In order to compare characters with different resistances and HP, it is necessary to eliminate the armor and resistance entirely and focus on only a single point of comparison that summarizes the effects of all of the attributes, which is known as ‘Effective HP.’ If a character with 90% damage reduction is hit and suffers 10,000 HP worth of damage, by inverting the equation we can find that the attack must have done 100,000 HP of damage originally, and so, an equivalent character with zero armor and zero resist would have an effective 100k HP for each 10k HP that our character has. The direct formula for effective HP from actual HP and damage reduction is:

$HP_e=\frac{HP}{1-DR}$

At this point, more derivatives could be calculated to find the effects of changing vitality, armor, or resistance on effective HP, but it is much simpler to create a spreadsheet that computes the effective HP for a given triple of vitality (plus your character’s base hit points, which is not zero), armor, and all resistance, and then using that to compare different gear setups. Intuitively, more effective HP is better, as it means you will survive longer against elites and champions, regardless of whether your actual HP increased or decreased. The same is true for your damage reduction; your effective HP can increase despite damage reduction decreasing, if your base HP is sufficiently increased at the same time. It is also worth noting that all HP regeneration becomes more effective as damage reduction goes up—the effective HP regeneration can be calculated in exactly the same way as effective HP is calculated.

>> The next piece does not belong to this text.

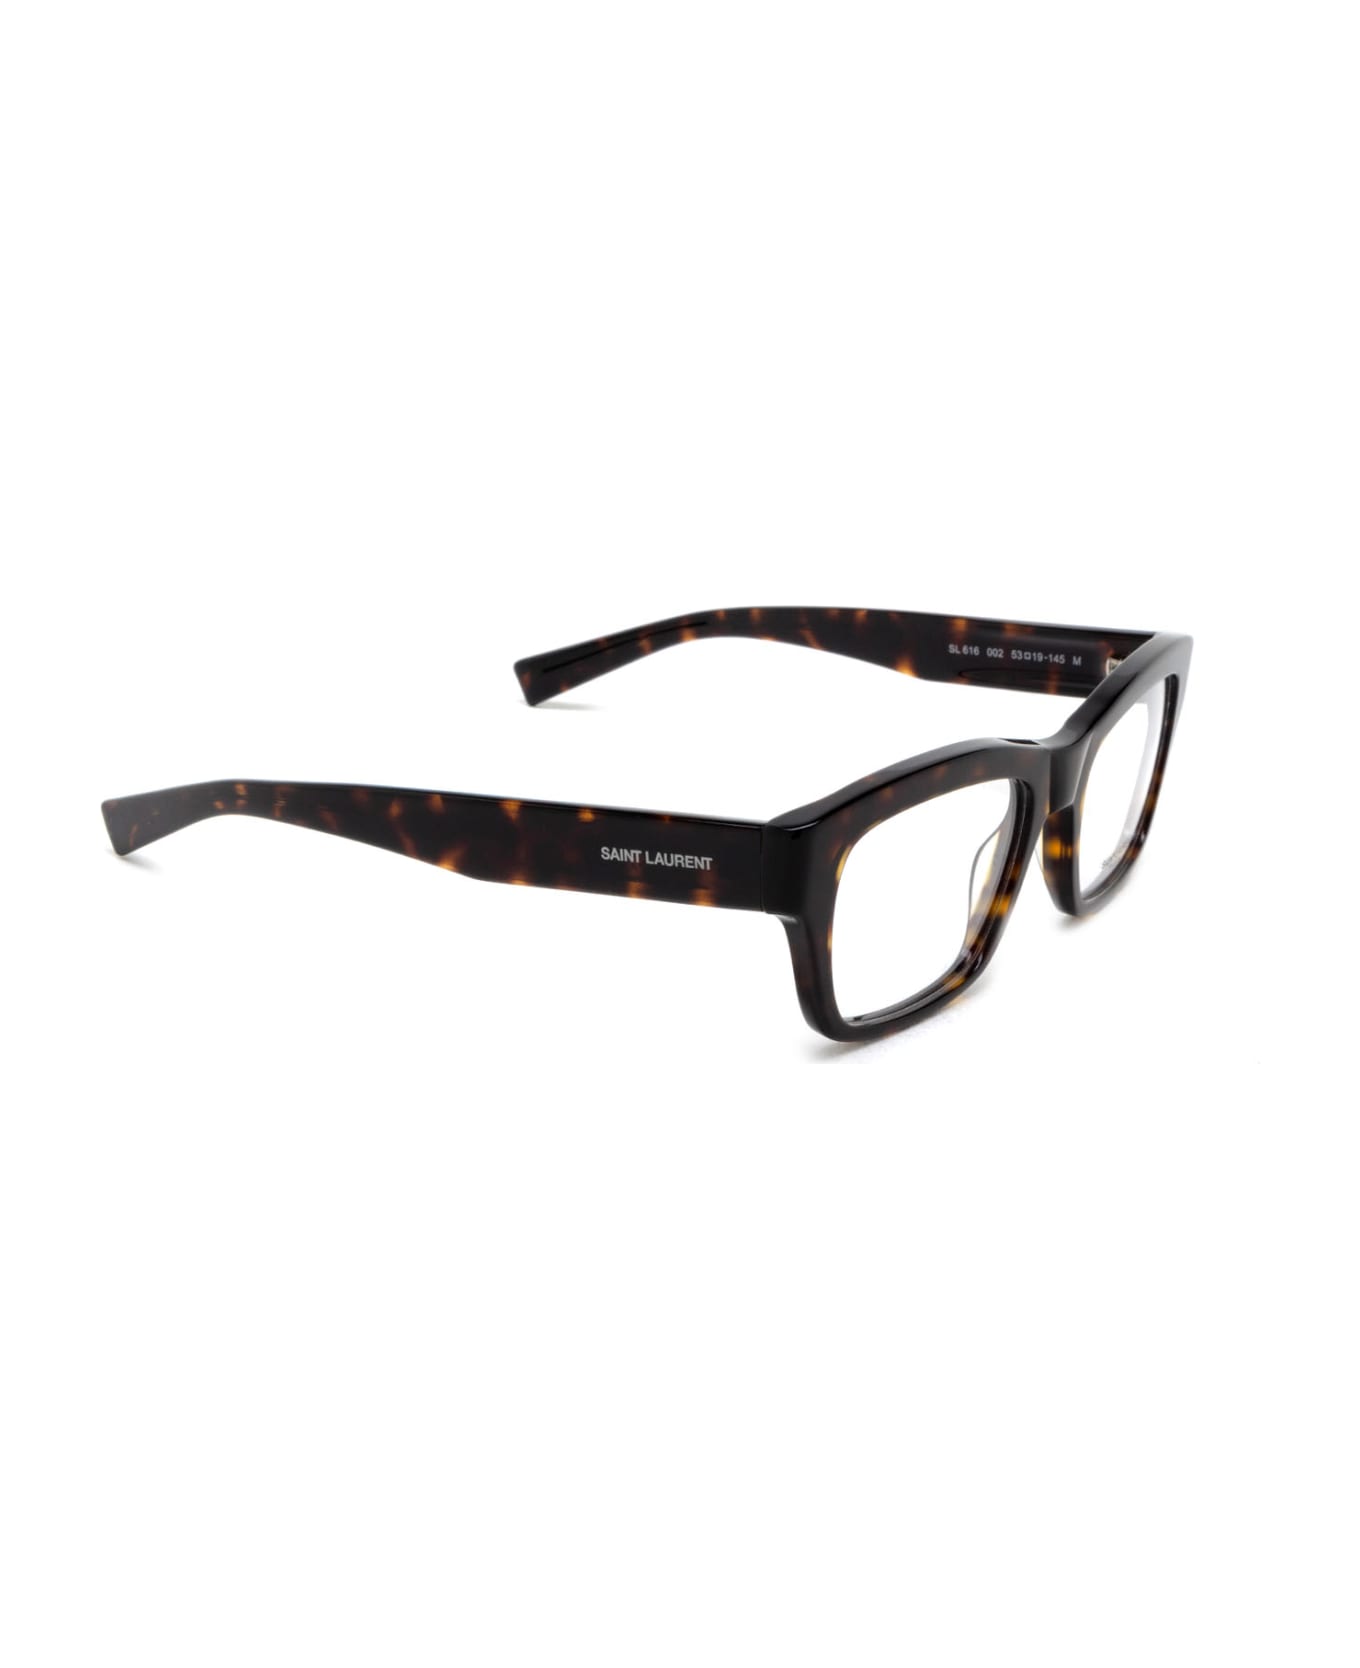 Saint Laurent Eyewear Sl 616 Havana Glasses - Havana アイウェア

Hopefully it is clear that selecting Diablo III gear is a constrained optimization problem. Maybe one day I’ll take a stab at writing a program to optimize stats or provide some kind of discussion on the actual tradeoffs between DPS and HP as they relate to killing monsters, but that sounds like a very painful exercise when approximate solutions can be found just by thinking +effective HP and +damage are good.